The foregoing considerations persuade us that the court of appeals is a court of limited, rather than general, writ jurisdiction. The references in the constitution to appellate and supervisory jurisdiction limit and define the power of the court of appeals to issue prerog*96ative writs. The issuance of a prerogative writ by the court of appeals is an exercise of original jurisdiction. However, it is not an exercise of jurisdiction independent of the court’s appellate and supervisory powers. The court of appeals has power to decide questions pub-lici juris which are brought to it by appeal or which it considers under its supervisory jurisdiction. It does not have power to issue a prerogative writ based solely on the importance of the question presented without any other jurisdictional underpinning.
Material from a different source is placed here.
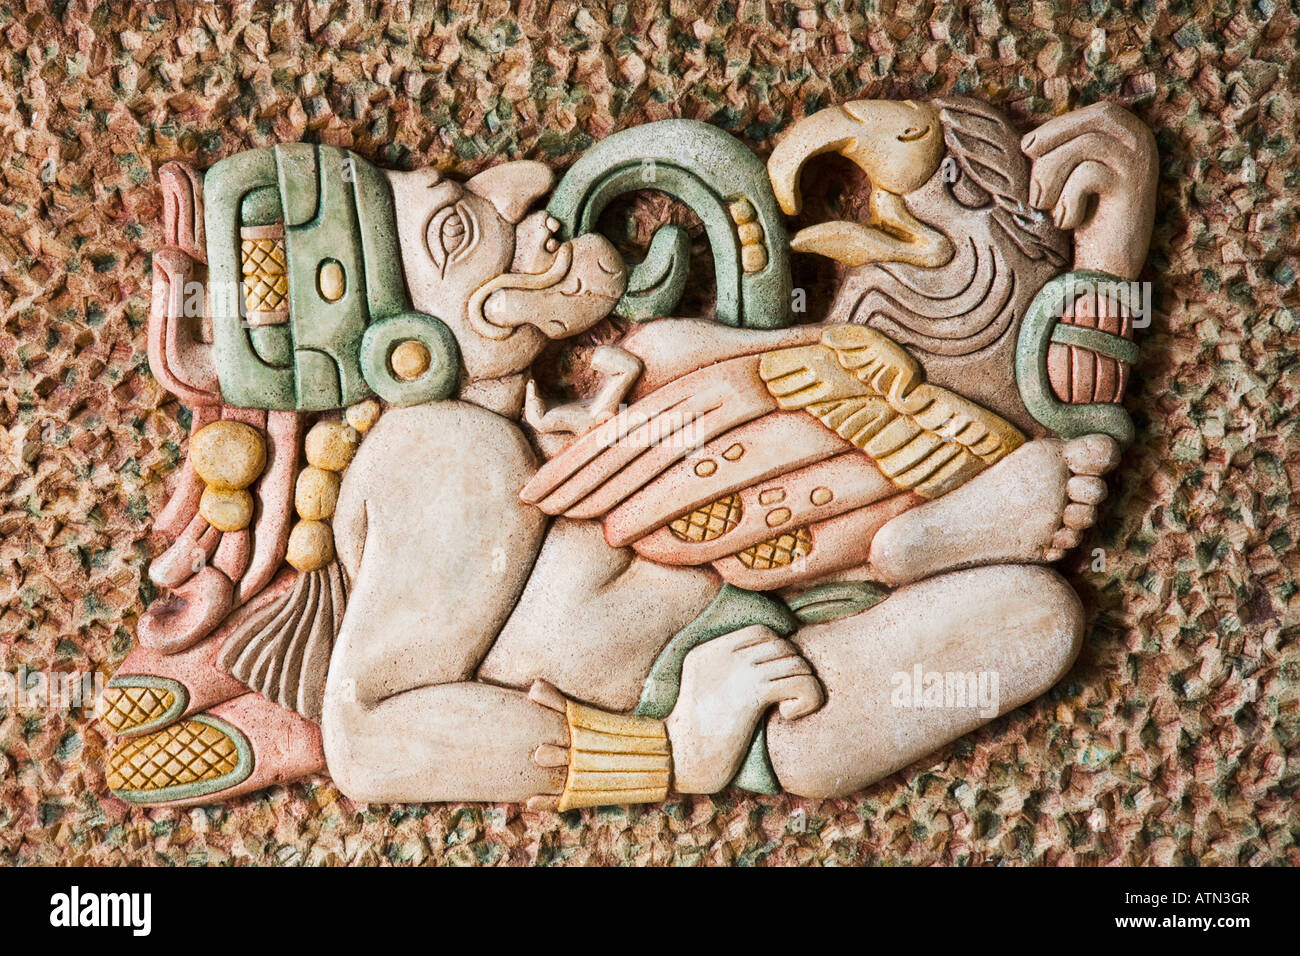 Replica of Mayan art in the Yucatan Peninsula of Mexico Stock Photo

Our decision does not conflict with sec. (rule) 809.51(1), Stats., which states that a petition may be filed requesting the court of appeals to exercise its supervisory jurisdiction or its original jurisdiction to issue a prerogative writ over a court and presiding judge or other person or body. The words, “or its original jurisdiction to issue a prerogative writ,” were added by supreme court order effective January 1, 1982. 104 Wis. 2d xi. This amendment was requested by the Judicial Council. Its note states in part, “Rule 809.51 governs the procedures for seeking a petition for supervisory writ or original jurisdiction prerogative writ in the court of appeals.”

As we construe the amendment to sec. (rule) 809.51(1), Stats., it does not recognize a question publici juris as an independent ground for exercising original jurisdiction. It merely makes clear that, where grounds for exercising original jurisdiction exist, a prerogative writ can be used to exercise that jurisdiction. It should be remembered that a writ brought in any appellate court for the purpose of exercising superintending or supervisory powers is an original action, i.e., a new action designed to affect or control the litigants or the court in respect to a matter then at issue or subject to *97the action of a lower court. Such original action is, however, not brought to decide with finality a matter publici juris.

We conclude that the court of appeals does not have jurisdiction to entertain an original action unrelated to its supervisory or appellate authority over the circuit court. Original jurisdiction in the sense intended by the petition of Monroe Swan for the determination ab initio of a matter publici juris under the constitution lies only in the circuit court or in this court.

By order of this court on August 29,1984, the decision of the court of appeals has been vacated and the petition for review has been dismissed.

WILLIAM A. BABLITCH, J„ took no part.

See Wis. Const, art. VII, sec. 3, and secs. 808.10, and 809.62, Stats., concerning review of court of appeals’ decisions. Unpublished opinions of the court of appeals are without precedential value, sec. 809.23, Stats.